CALAIS et MONTPELLIER - La grande salle blanche du Channel et son éclairage zénithal mettent particulièrement bien en valeur la quinzaine de pièces de Daniel Schlier qui ouvrent autant de fenêtres sur un monde fantastique et énigmatique. Souffleur IV (1995) est à l’image de cette géographie revisitée, d’une dérive des continents qui crée de nouveaux dialogues, des rapprochements inattendus, entre mers de couleur et oiseaux migrateurs figés ou fossilisés. L’art de Schlier se nourrit de son Alsace natale, tant au niveau de la technique, en reprenant la tradition populaire du fixé sous verre, que du sens, en réinterprétant une thématique liée à la mort qui puise ses racines dans le Haut-Rhin des XVe et XVIe siècles. L’artiste entend ainsi "retrouver le geste d’antan et lui redonner une actualité". Ses figures, à la fois terriblement déformées et expressives, se détachent sur des fonds monochrome, à la manière d’un Konrad Witz, tandis que la mort est omniprésente, sur le mode des memento mori. Schlier, qui déclare ne pas développer "une réflexion mais une pensée, quelque chose de plus elliptique", travaille depuis quelque temps d’après nature, dans une nouvelle approche plus "photographique". Sa série des Sept péchés capitaux (1996), dans des formats triangulaires qui resserrent la composition, met en évidence les différentes énonciations du "mal absolu" entre le français et l’allemand, à l’image de la gourmandise qui devient outre-Rhin Gefrässigkeit, de la gloutonnerie.

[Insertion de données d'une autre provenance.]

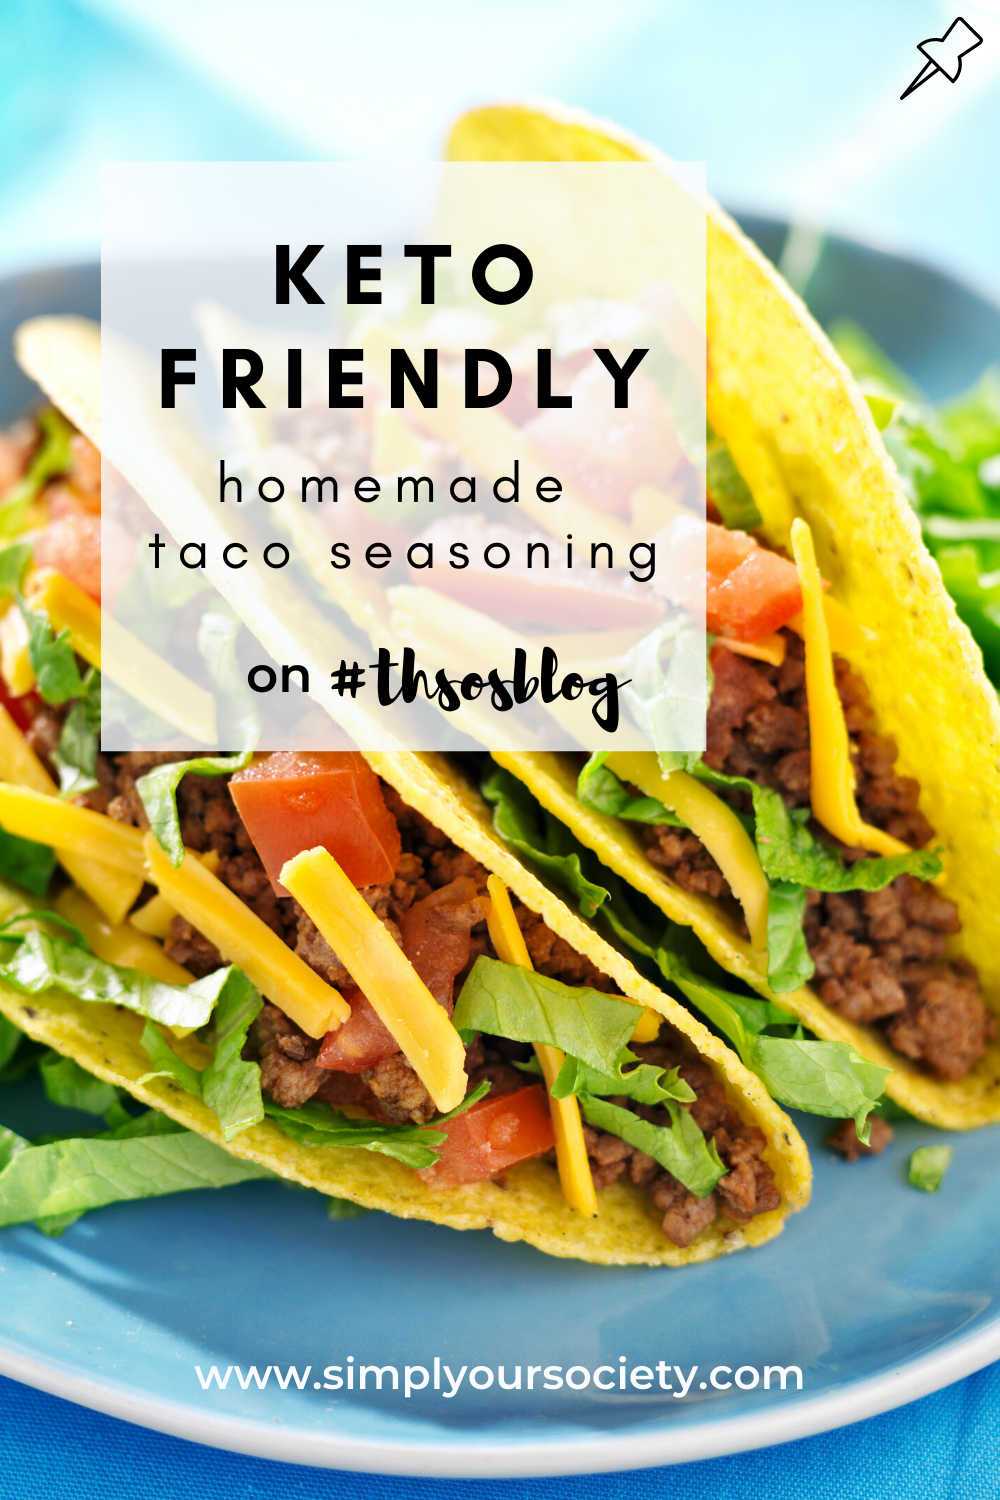 picture of tacos in corn shell with all the fixings-sugar free taco seasoning-keto taco seasoning-is mccormick taco seasoning keto friendly-low carb taco-taco seasoning recipe-homemade taco seasoning-keto taco seasoning
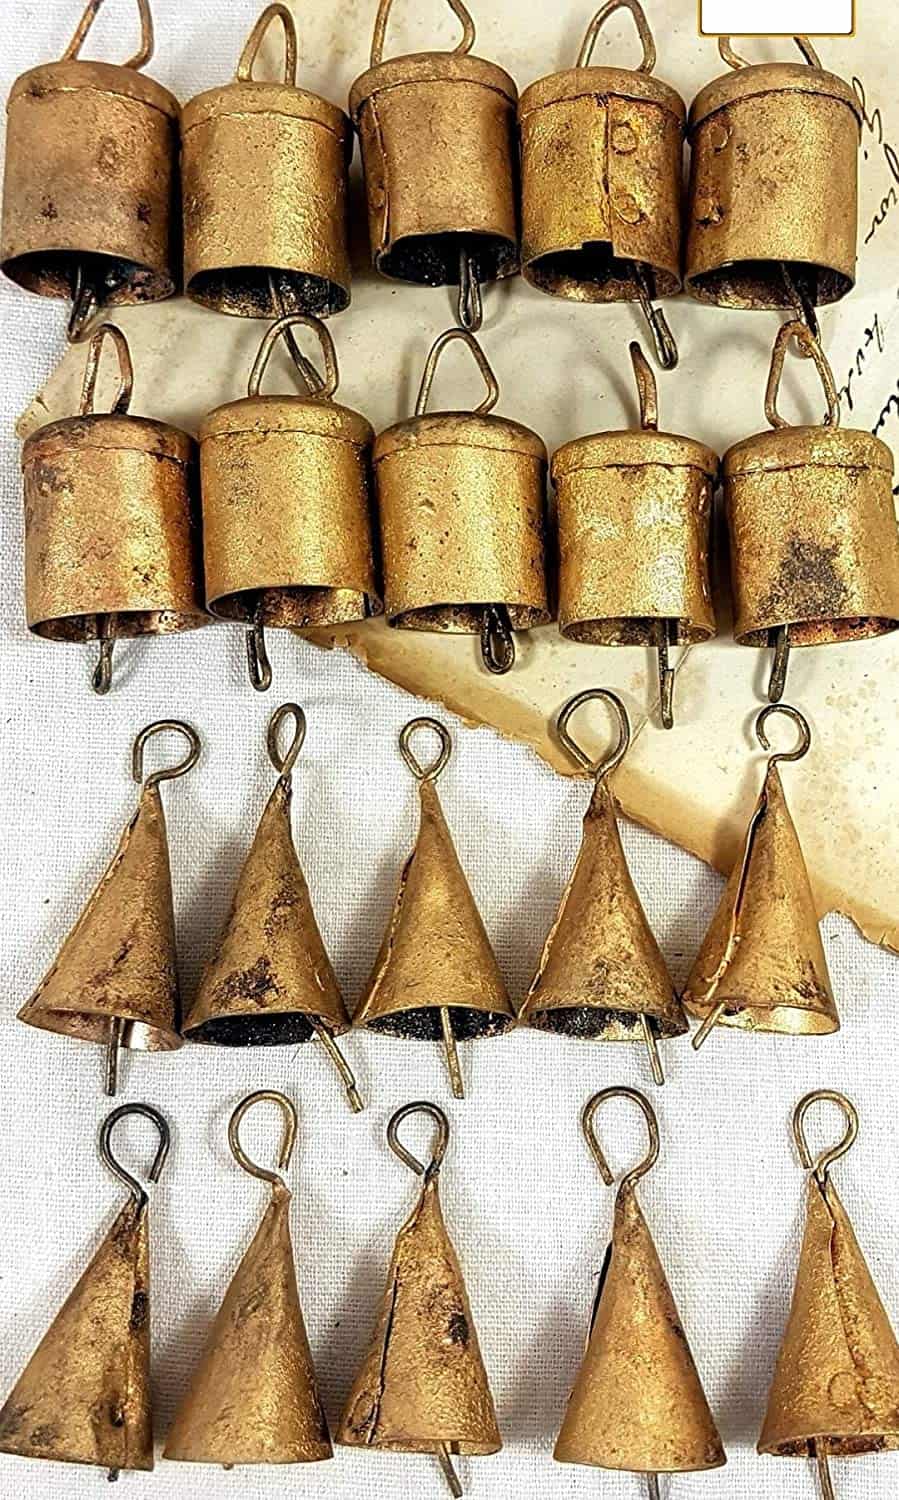 Where To Buy Antique Brass Bells For Decor - My Creative Days

Dans un tout autre registre, Pierre Joseph a abandonné à Montpellier ses personnages à réactiver. Il introduit ici le visiteur dans un monde virtuel, grâce à une incrustation chroma-key. Le jeu entre le réel et l’imaginaire est encore présent dans cette pièce qui simule, avec des images de synthèse, le flux et le reflux des marées sur les côtes d’une île anglo-normande. Pourtant, on a du mal à suivre l’artiste quand il fait inscrire en arabe un texte sur la notion d’image, où seuls quelques noms d’artistes restent écrits en alphabet romain. Plus en prise avec la réalité, Matthieu Laurette montre une nouvelle apparition, une annonce diffusée sur le câble dont le texte est tiré du début du film de Jean-Luc Godard JLG/JLG. Après "vu à la télé", il présente à Montpellier "vu à l’atelier", puisqu’une caméra retransmet des images de son studio à Paris. Chaque visiteur peut ainsi suivre en direct son activité de créateur. Laurette reprend également son rôle d’éclaireur quand il propose une consommation active, utilisant en particulier les offres promotionnelles figurant sur les produits alimentaires.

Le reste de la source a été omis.